International guidelines from the Royal College of Obstetricians and Gynaecologists go even further, suggesting that plain water can dry out vulvar skin and recommending a small amount of soap substitute instead. Their full list of advice includes:

  • Clean the vulva once a day using your hand, not a sponge or cloth
  • Choose showers over baths and gently pat dry with a soft towel
  • Avoid soap, shower gel, bubble bath, deodorant, baby wipes, and douches on the vulva
  • Wear loose-fitting cotton underwear and consider sleeping without underwear
  • Skip fabric softeners and biological detergents when washing underwear

European medical guidelines recommend that if you do use a wash product, it should be hypoallergenic with mild detergency and a pH between 4.2 and 5.6. Lactic acid-based washes with an acidic pH may support skin health and have shown some benefit as a supplementary measure during vaginal infections, though not as a standalone treatment.

The Bottom Line on Summer’s Eve

Summer’s Eve won’t cause immediate harm for most people, and some women use it for years without obvious problems.

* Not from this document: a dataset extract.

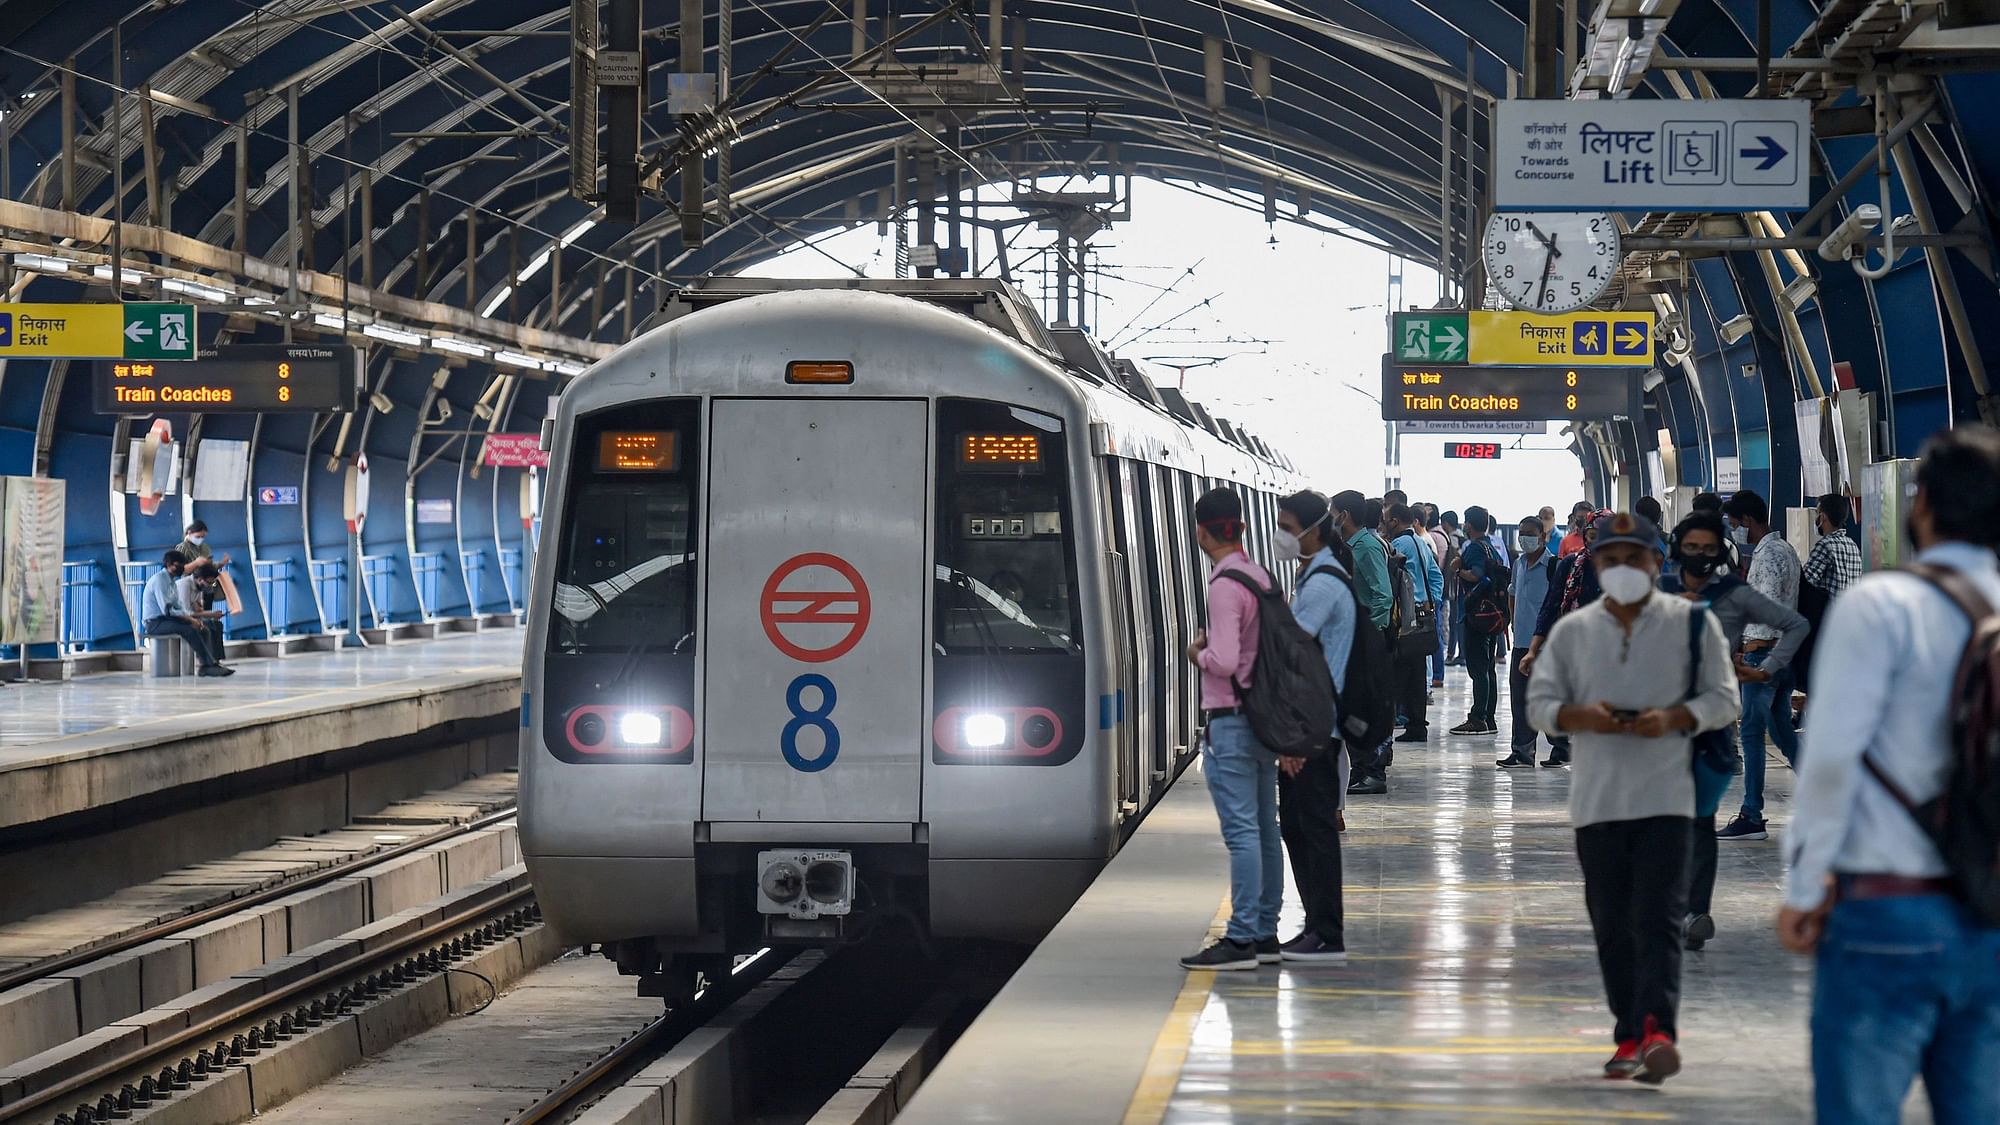 <div class="paragraphs"><p>दिल्ली: मेट्रो स्टेशन पर महिला के साथ यौन दुर्व्यवहार, कहा- पुलिस ने मदद नहीं की</p></div>

But the evidence consistently shows that fragranced feminine washes shift your bacterial balance in the wrong direction, increase your exposure to allergens, and solve a hygiene problem that your body already manages on its own. The vaginal odor that these products target is usually normal, and when it isn’t, a wash product won’t treat the underlying cause.

If you’re currently using Summer’s Eve without any symptoms, switching to a fragrance-free, gentle cleanser for external use only is a low-effort change that reduces your risk. If you’ve been experiencing recurring itching, burning, unusual discharge, or infections, dropping the product entirely is a reasonable first step before looking for other explanations.